Work to keep the county borough’s ‘urban forest’ in good health
Posted on: Friday 19 October 2018
A major programme of tree surgery and pruning will begin this month in Porthcawl before moving on to the rest of Bridgend County Borough’s ‘urban forest’.
Following an 18-month assessment, Bridgend County Borough Council is carrying out the work to ensure that local trees are kept in the best possible condition.
There are over 439,000 trees in the county borough’s urban areas of Bridgend, Maesteg, Porthcawl, Pencoed and Pyle. There are 60 different species of trees and shrubs, with ash, hawthorn and goat willow the most common species.
As well as using all of the necessary management techniques on trees that can be saved, any trees found to be decaying will need to be felled, while a number of new trees will be planted.
The urban trees that line our streets, frame roadsides, and grow in parks and gardens play an important role in our daily lives.
As well as making areas more pleasant places to live because of their appearance, urban trees provide habitats for wildlife, provide both sound and visual screening, act as windbreaks and also make a measurable impact in reducing flooding and filtering air pollution.

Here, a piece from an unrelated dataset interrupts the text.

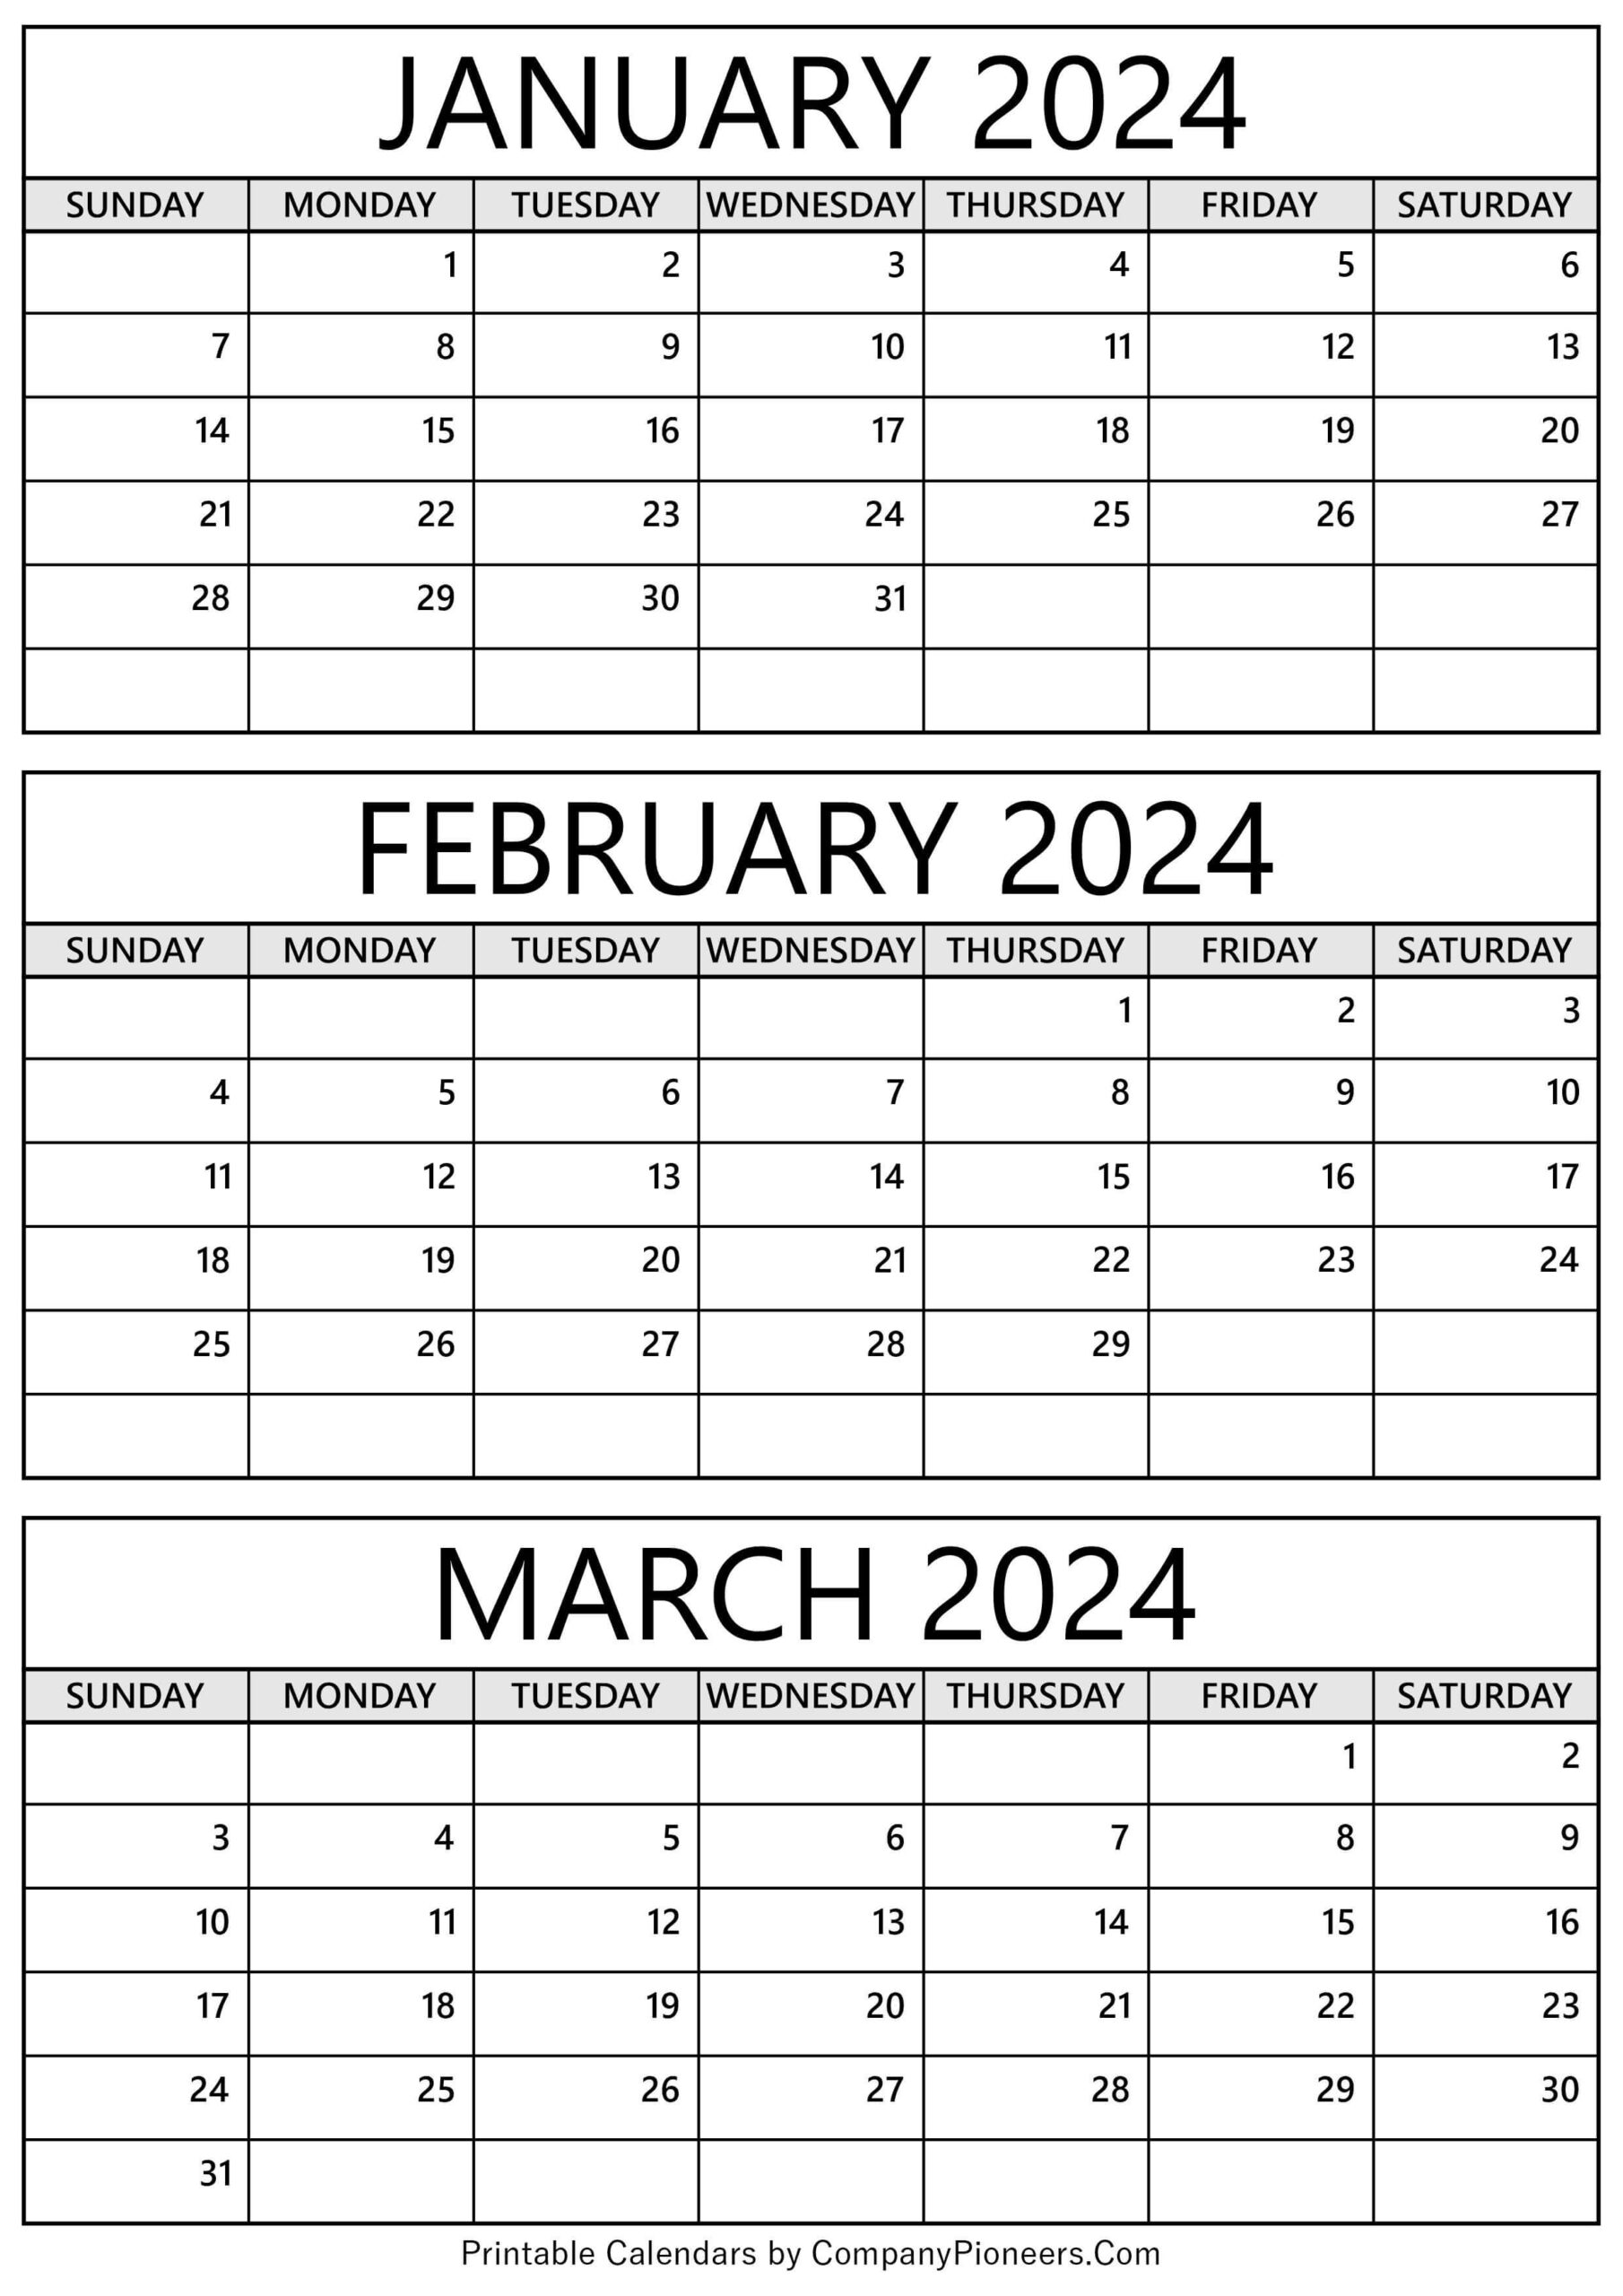 January February March 2024 Calendar Printable - Template for January February March 2024 Printable Calendar

Unfortunately, trees sometimes develop defects or succumb to pests and diseases, so action needs to be taken to give them a helping hand whenever possible. The county borough has a lower proportion of larger trees so we’ve identified specific locations where we can plant appropriate and native species where they can be managed carefully to maturity.Councillor Richard Young, the council’s Cabinet Member for Communities
A scientific study commissioned by the council in 2015, in partnership with Natural Resources Wales, found that Bridgend County Borough’s urban trees slow down around 124 million litres of water during heavy rain each year, which is equivalent to an estimated £163,000 in sewerage charges.

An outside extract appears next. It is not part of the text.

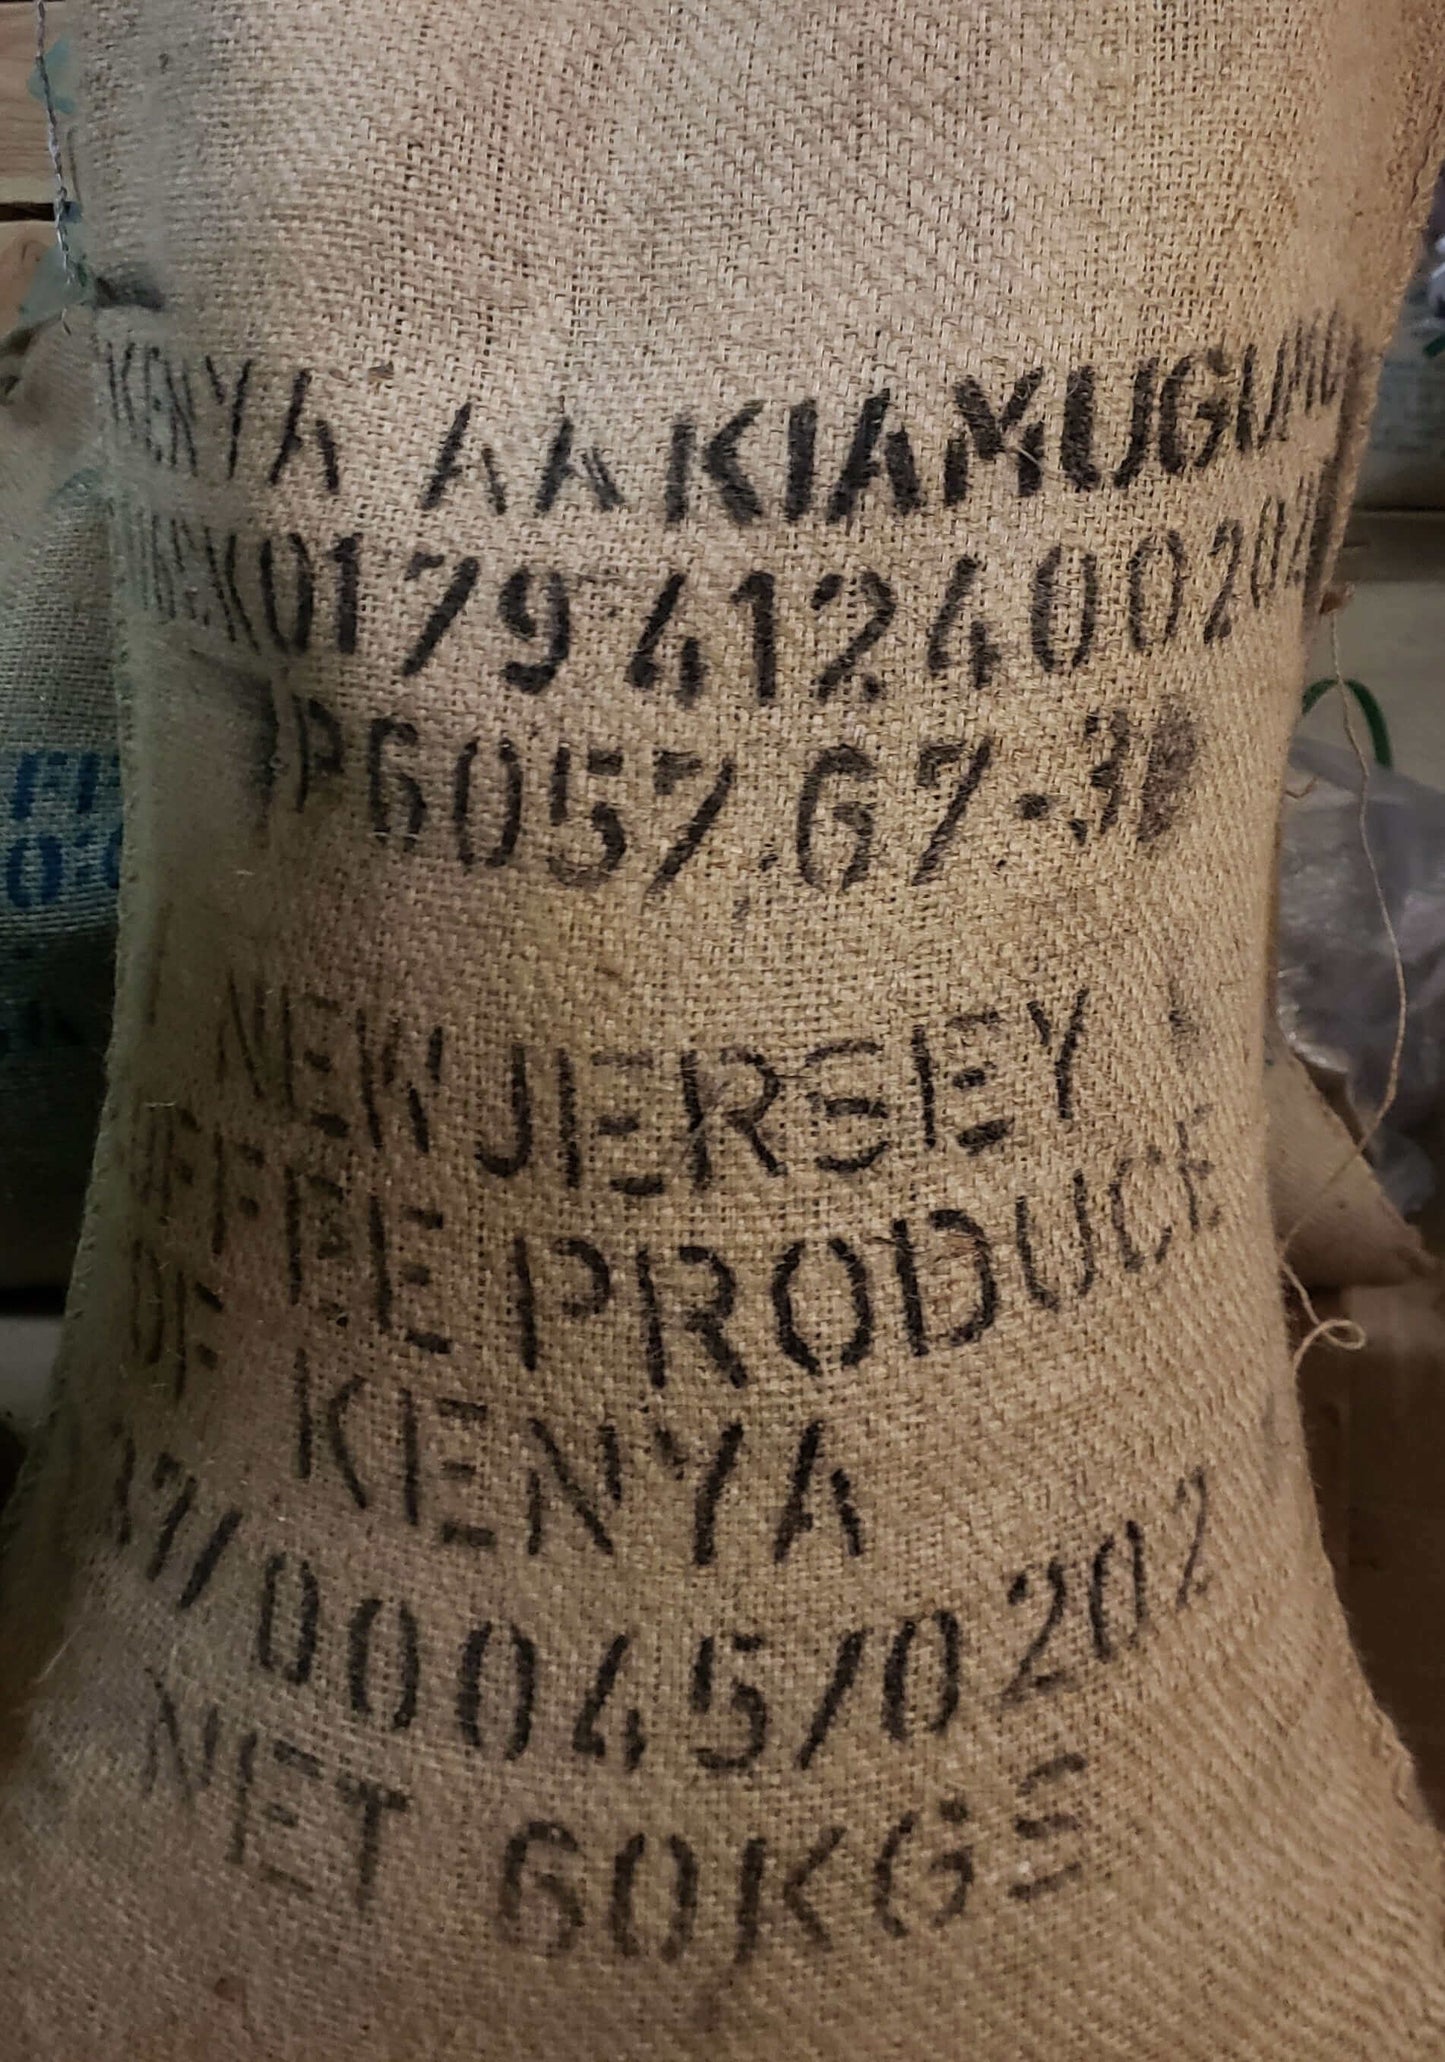 Kenya Kiamgumo

Trees also clean our air by removing an estimated 61 tonnes of airborne pollutants every 12 months, saving more than £179,000 in damage costs while helping to reduce asthma and heart disease.
But the biggest contribution they make is the amount of carbon they remove from our atmosphere, helping to tackle climate change. The county borough’s urban forest removes around 2,080 tonnes of carbon each year, estimated to be worth £457,000.